Vitamin D Does Not Explain the Race/Ethnicity-COVID-19 Relationship

While I was out, a peer-reviewed paper was published in the journal, Diabetes and Metabolic Syndrome: Clinical Research & Reviews that strongly challenges the idea that vitamin D status explains the relationship between race and ethnicity and COVID-19 risk, and adds to the growing data suggesting the relationship between vitamin D and infection risk is weak.

Pubmed dates the paper to May 7, but the journal has it listed for their July-August issue and Wayback Machine doesn't show it existing prior to May 25.

This paper used data from the UK Biobank.

The UK Biobank recruited just over 500,000 participants between the ages of 37 and 73 years old from England, Scotland, and Wales, between the years 2006 and 2010. Information about vitamin D status, relevant health conditions and diseases, and socioeconomic factors was collected at baseline, and COVID-19 testing was done between March 16 and April 14, 2020.

Just under 350,000 people had a complete set of baseline data, just under 1500 people had COVID-19 testing, and just under 450 had a positive test.

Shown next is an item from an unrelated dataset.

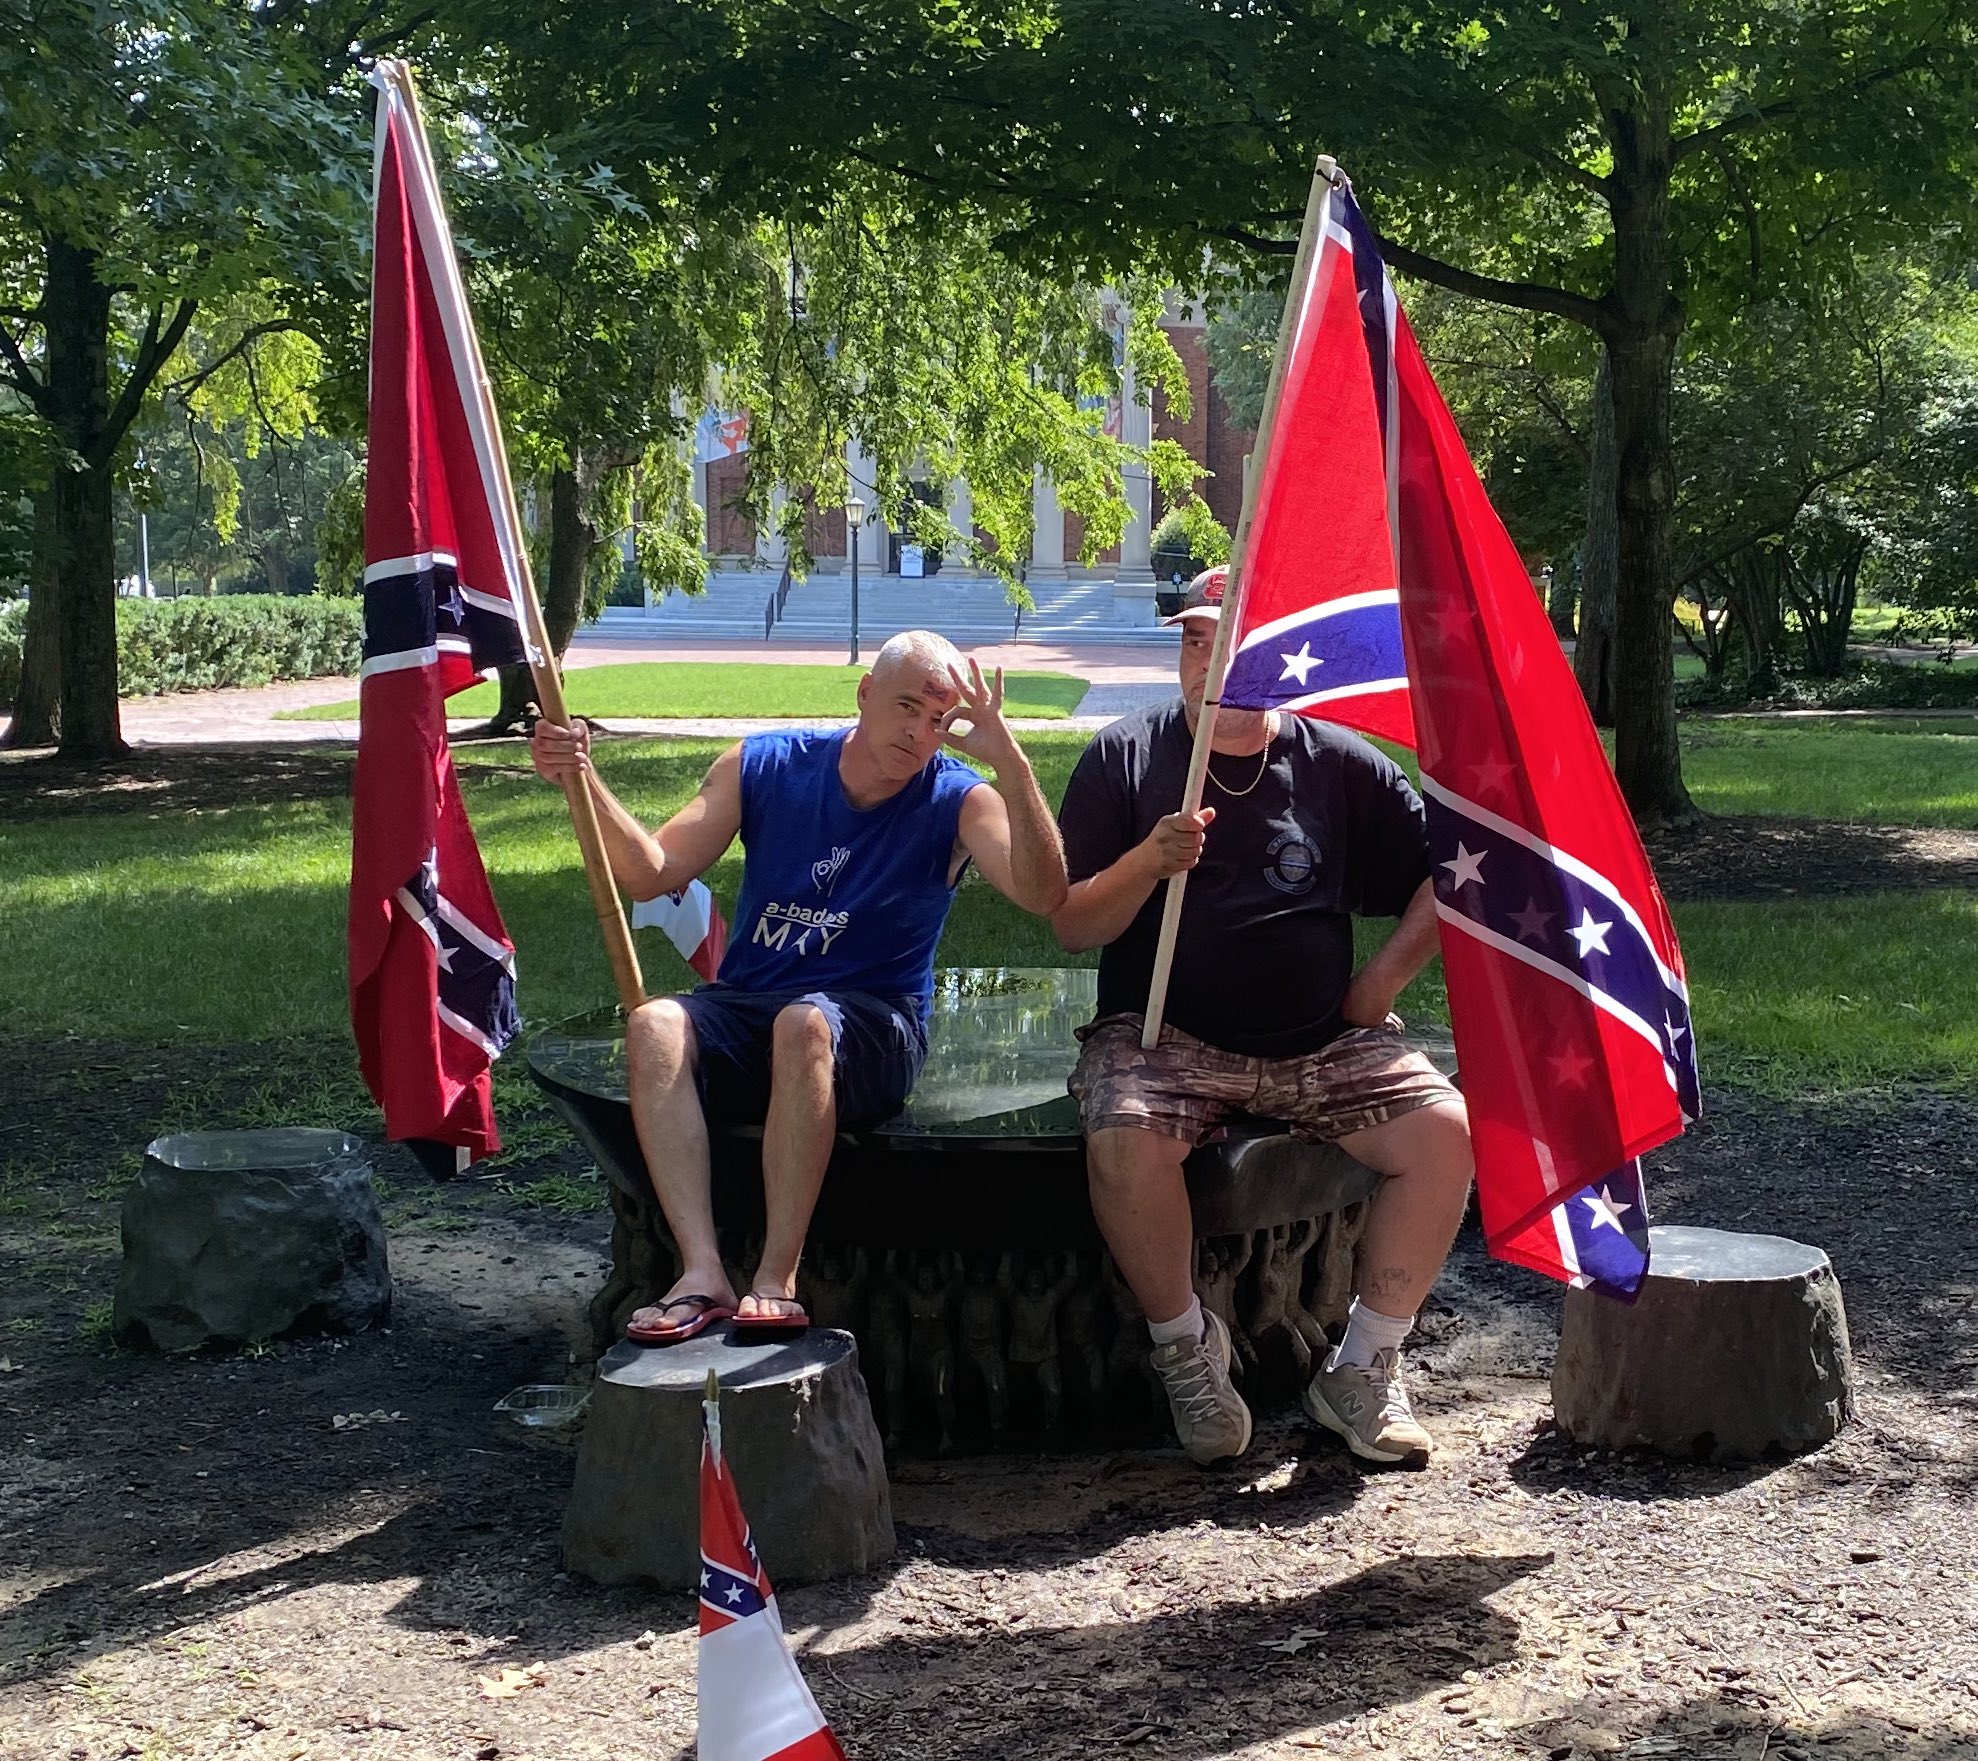 Neo-Confederates Thomas May and Joey Wardwell sit on top of the Unsung Founders Memorial, a monument honoring the enslaved and free Black people who built the University of North Carolina. May flashes a “white power” hand signal. Chapel Hill, NC, July 10, 2021.
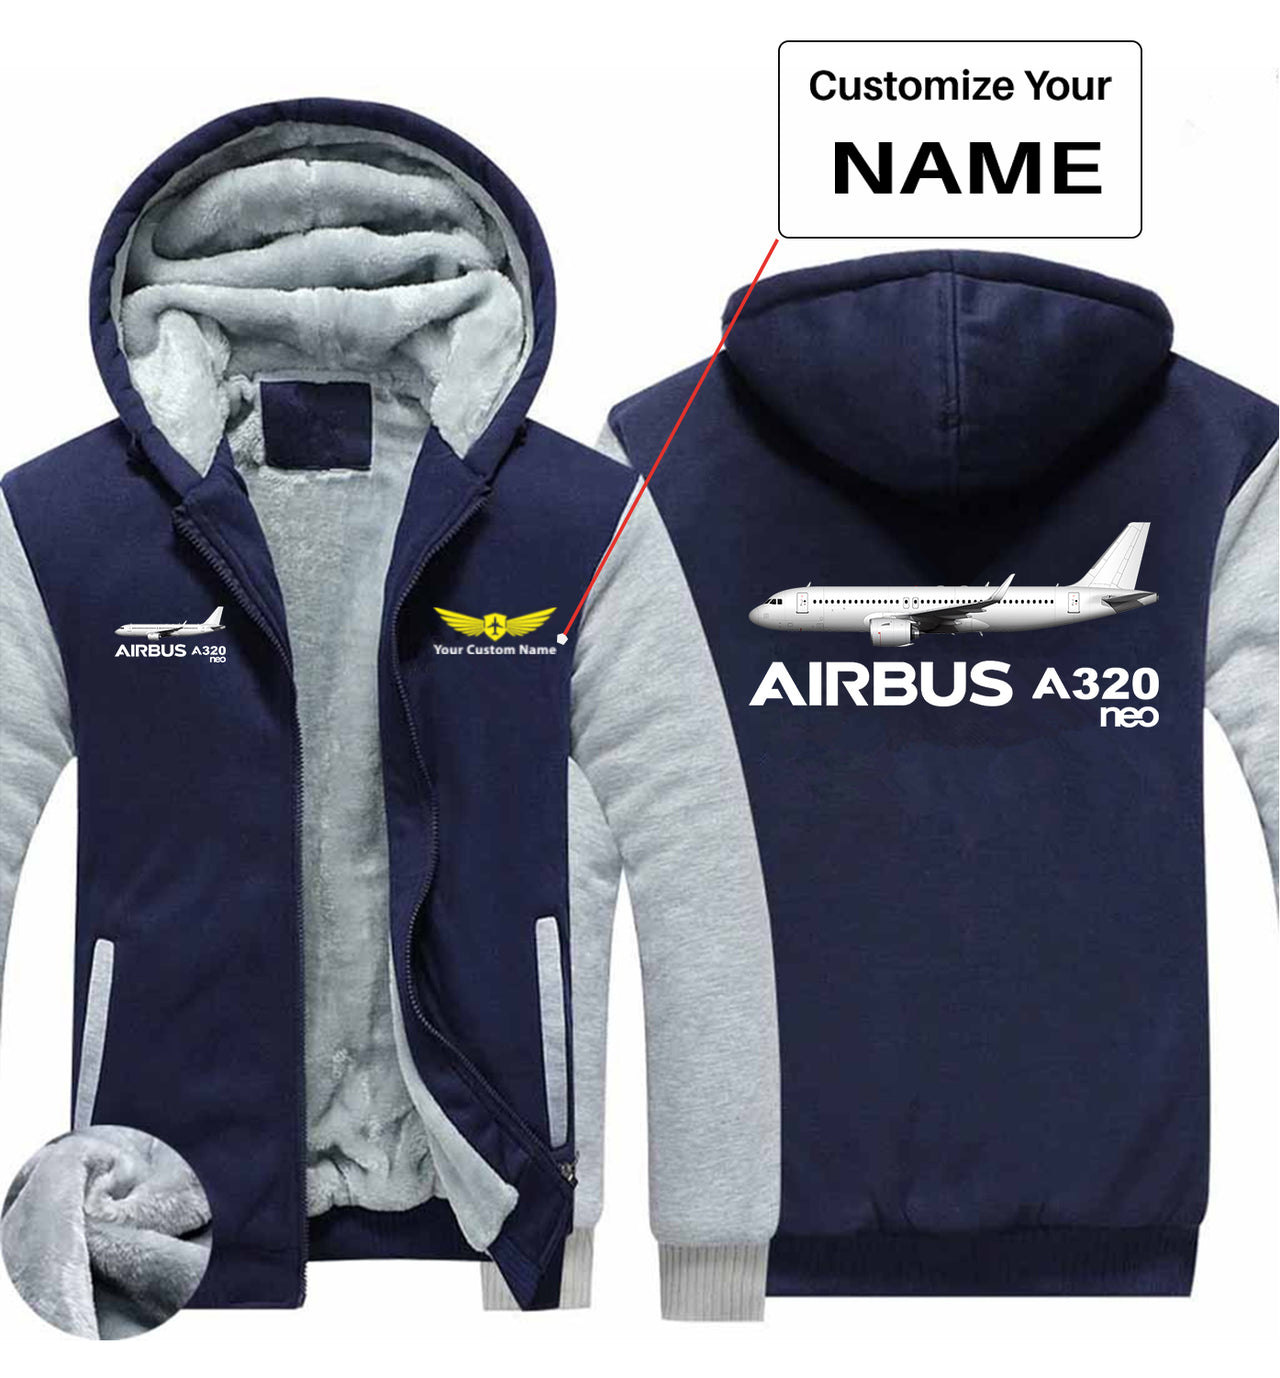 The Airbus A320Neo Designed Zipped Sweatshirts

Vitamin D Below 20 ng/mL Is Associated With Infection Risk

Without adjusting for any potential confounders, 25(OH)D under 20 ng/mL (50 nmol/L) was associated with a 19% higher risk of testing postive and 25(OH)D under 10 ng/mL (20 nmol/L) was associated with a 37% higher risk of testing positive.

The risk associated with levels under 20 ng/mL just missed statistical significance (p=0.068), while the risk associated with levels under 10 ng/mL achieved statistical significance (p=0.011). This means we can be very sure we would not have observed the second association if random chance were the only thing operating (we might observe an outcome of that strength or greater 1.1% of the time when randomness prevails), while we can't be so sure about the first association (we might observe an outcome of that strength or greater 6.8% of the time when randomness prevails).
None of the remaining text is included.